Wednesday, May 27, 2009

Onward and Upward: Tackling the Spring Goals

(Pssst! Don't have any idea what I'm talking about? I would read about it here and then read Step One in my Effort to rid myself of Teh Craziness here)

ALRIGHT! I've done it! I spent some time with myself and I think that I have taken care of Spring Goal #1 (to find a new word to replace the B----- word, since clearly it doesn't do it for me) and have laid the ground work for #2 AND #3 in one fell swoop.

I must say that I am more than a little pleased with myself. I hardly ever follow through with this sort of stuff. But the idea of making the money management thing fun is what motivated me. Who doesn't love fun? Lame people don't love fun. And I am not a lame person. Mostly.

Anyway. Moving on:

Firstly, I would like to say that if you are reading this, and are at all interested in what I read when I'm online (other than your blog, of course!) I think you would benefit greatly if you went over and checked out Havi Brooks (she's @havi on Twitter), her duck Selma and her blog The Fluent Self because honestly ... WOW.

She makes me want to have a duck. And also to be exactly like her. She is my internet hero. The end.

OK - so, the reason I told you that is to tell you this: thanks to Havi and her brilliant blog, I think she may have helped me overcome my money stuck. Or at least has gotten me onto a path that has significantly less stuck on it (Confused? Seriously, read her blog. Then you will get it). A few weeks ago she decided to stop thinking about her team as a team and start thinking about her team in a new way. Havi decided that she wanted to think about her team as a Pirate Crew on board her Pirate Ship.

As a direct result of reading this post (and all her other posts where she talks about it), I decided to think about my Not-A-Budget in a way that I haven't ever before. I didn't wonder about which notebook I was going to keep track of my expenses in, I didn't look online for spreadsheets that I thought looked cool, I didn't try to make my own, I didn't sit down and crunch numbers in order to figure out how much I can spend in what category of my life ... I didn't do anything except try to think of a fun new name for my Not-A-Budget.

This is turning rather ramble-y, and I apologize, I'm just really excited and I want to share everything with you.
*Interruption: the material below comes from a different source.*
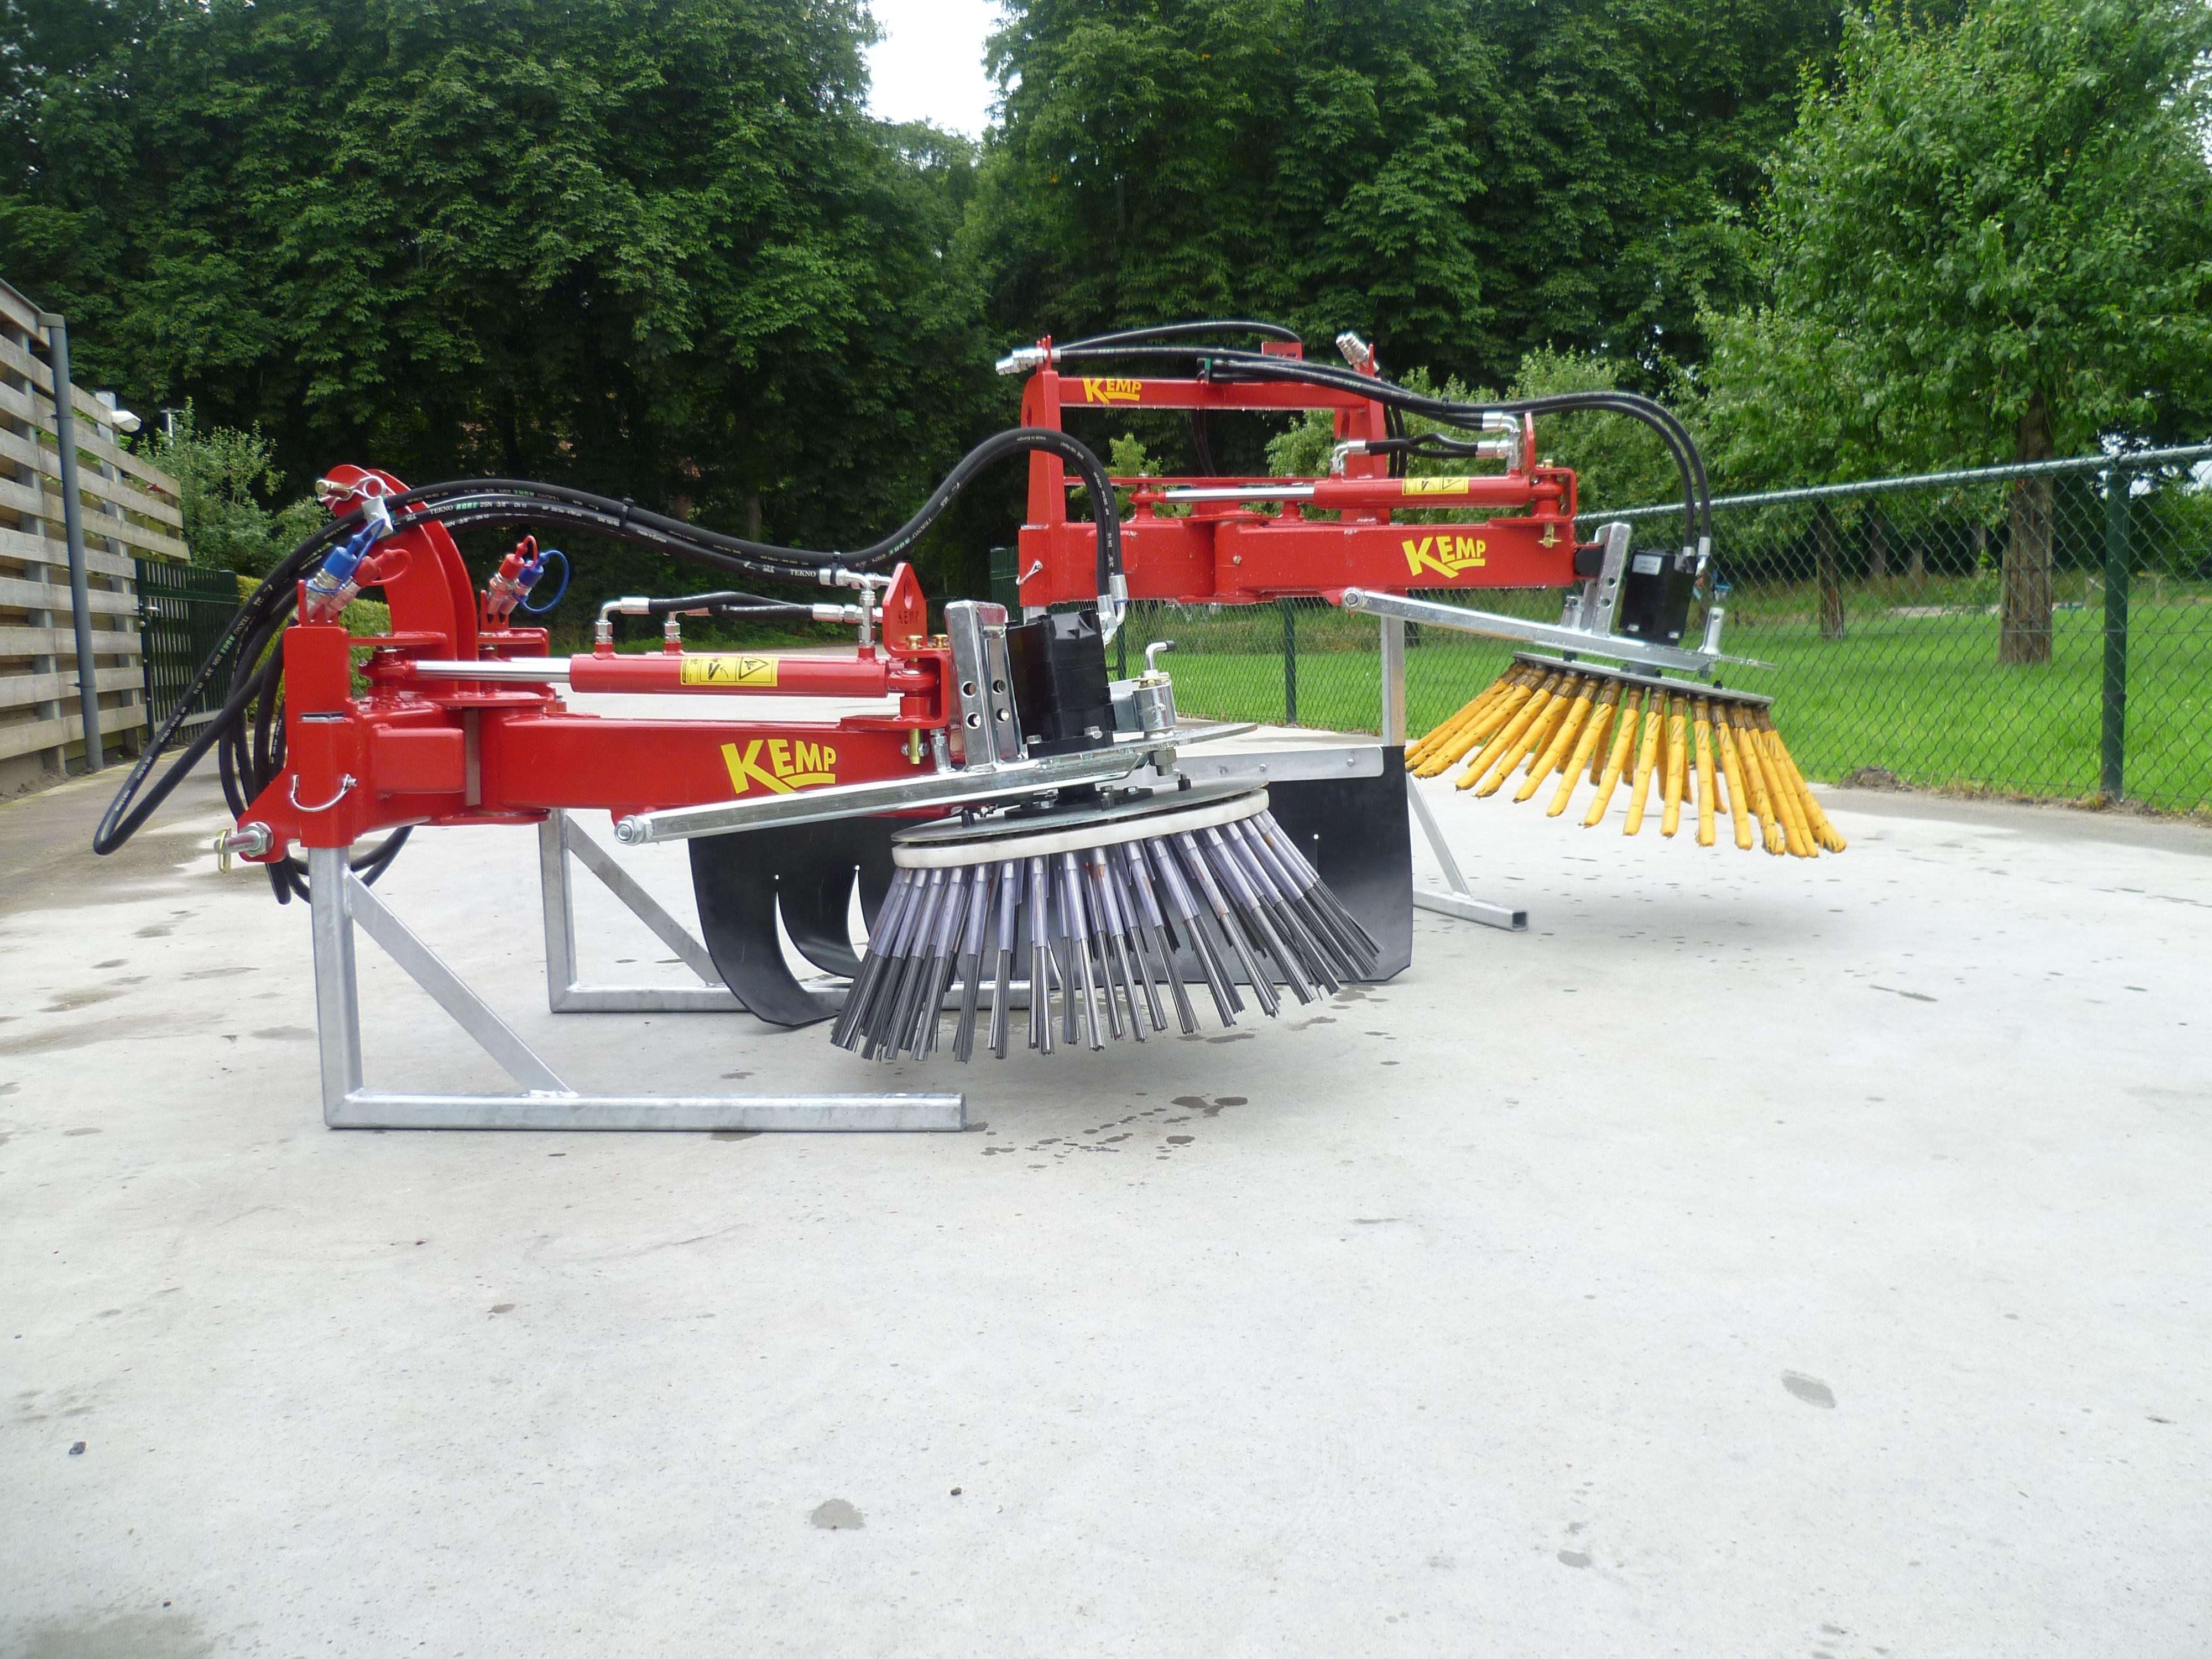 Ukrudtsbørste-Kemp-machines-2

So I thought and thought and I couldn't really think of anything that worked well. Nothing that I thought of made me go "Oh, oh, oh! Yes! That's great! And fun!". But today I thought of something that I think could work for me ... my Not-A-Budget Treasure Map.

Yes, maybe, I was influenced a little by Havi the Pirate Queen - even though I am not calling myself a pirate queen; I prefer to think of myself as more like that lucky person in the movie (that I have made up in my head) that finds the beat up old treasure map in the back pocket of her great, great, great grandfather's coat and is compelled to follow it on the off-chance that there really is something to be found. Life altering adventures (and possibly a steamy romance with the first mate of the ship?) will ensue. Kind of like City Slickers II, only with less 1980's and more water. And more steamy, maritime romance.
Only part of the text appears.